= What you should do =
The result should hold only the lines from the one with "杰作，最高分辨率，美丽皇家女" through the final line of the data below, transcribed exactly, pictures left out.

= Data provided =
"""

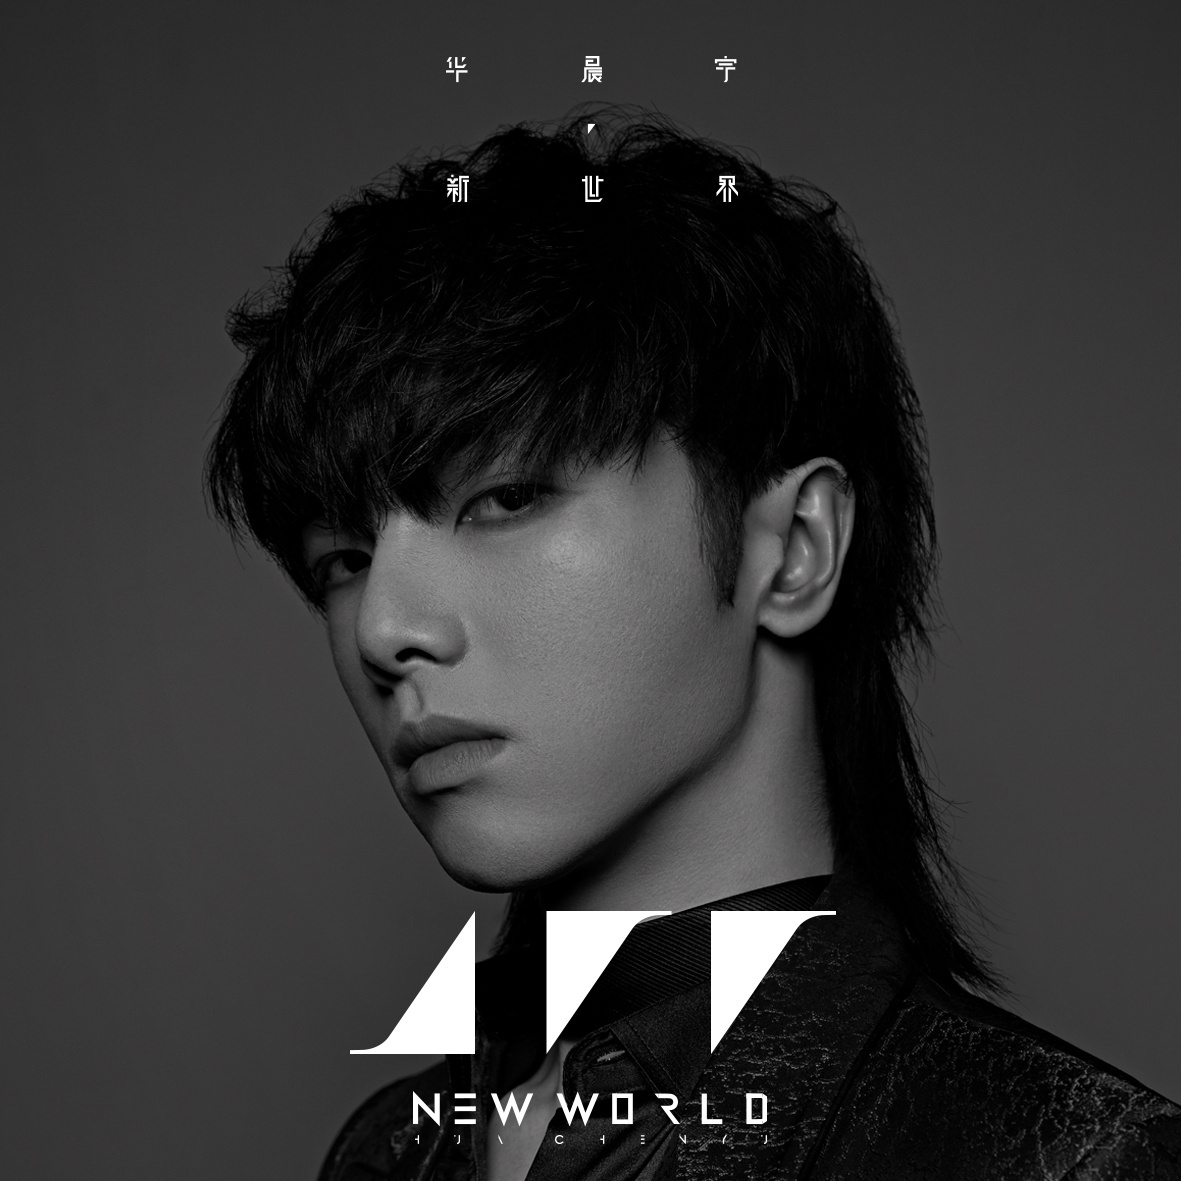 华晨宇上一张专辑《新世界NEW WORLD》。
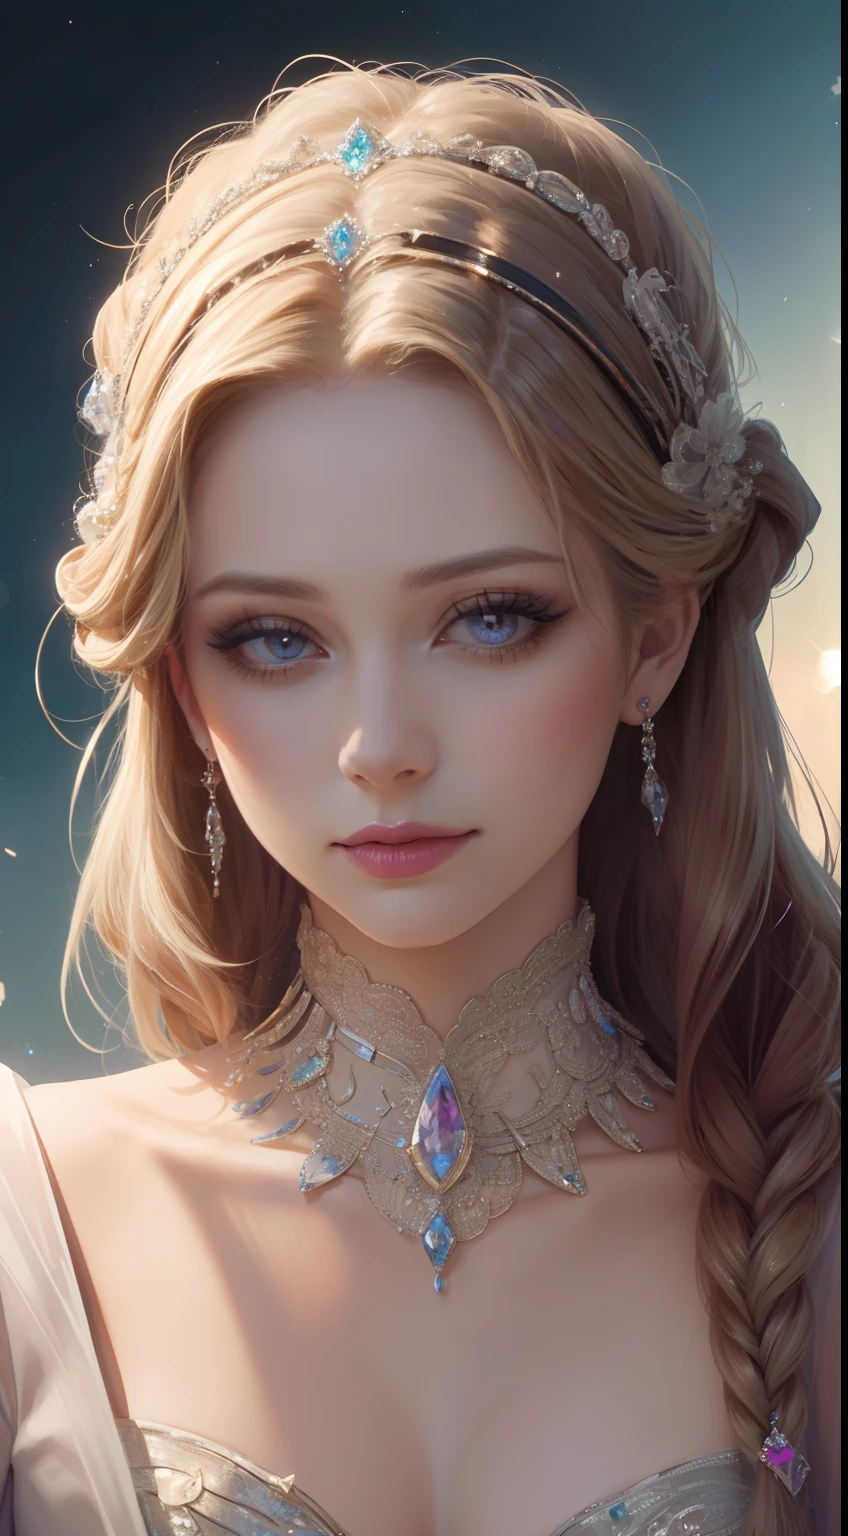 杰作，最高分辨率，美丽皇家女士的动态半身像，精致的金色辫子头发，紫色清澈的眼眸，头发上布满了美丽精致的花卉工艺, 水晶珠宝花丝，极其详细的细节，升级版。
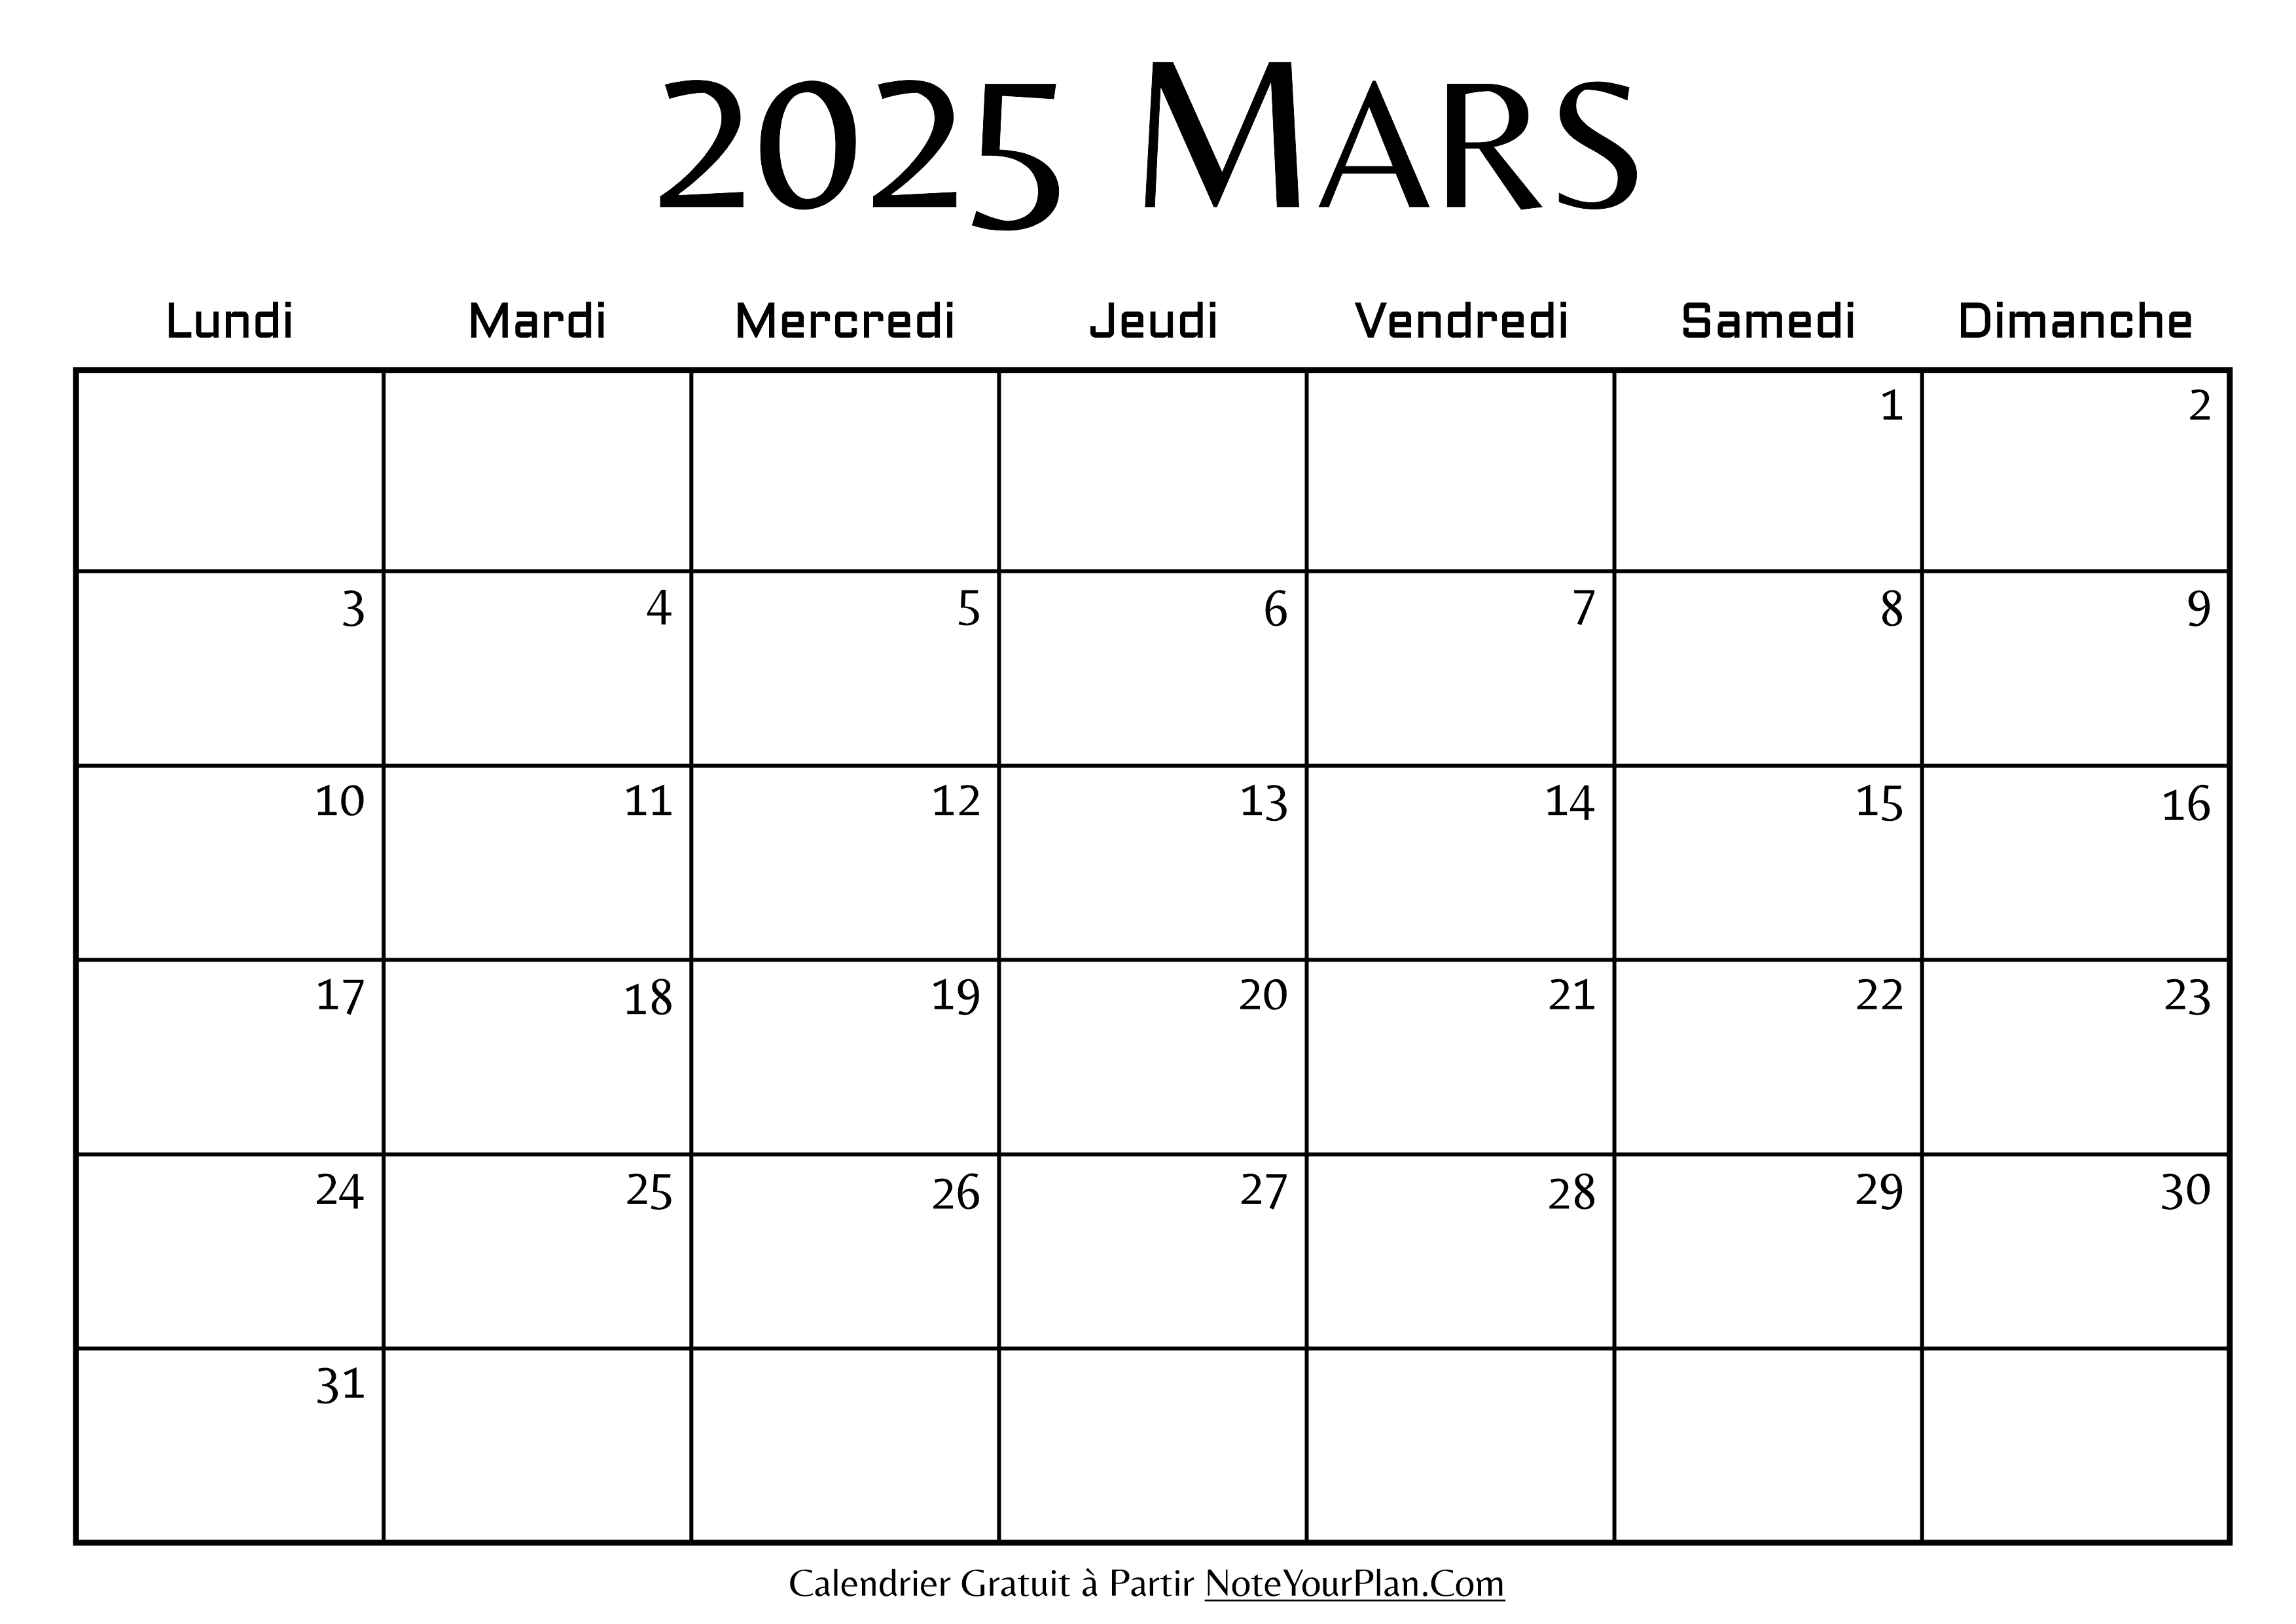 Calendrier de Mars 2025

"""

= Answer to the problem =
 杰作，最高分辨率，美丽皇家女士的动态半身像，精致的金色辫子头发，紫色清澈的眼眸，头发上布满了美丽精致的花卉工艺, 水晶珠宝花丝，极其详细的细节，升级版。
 Calendrier de Mars 2025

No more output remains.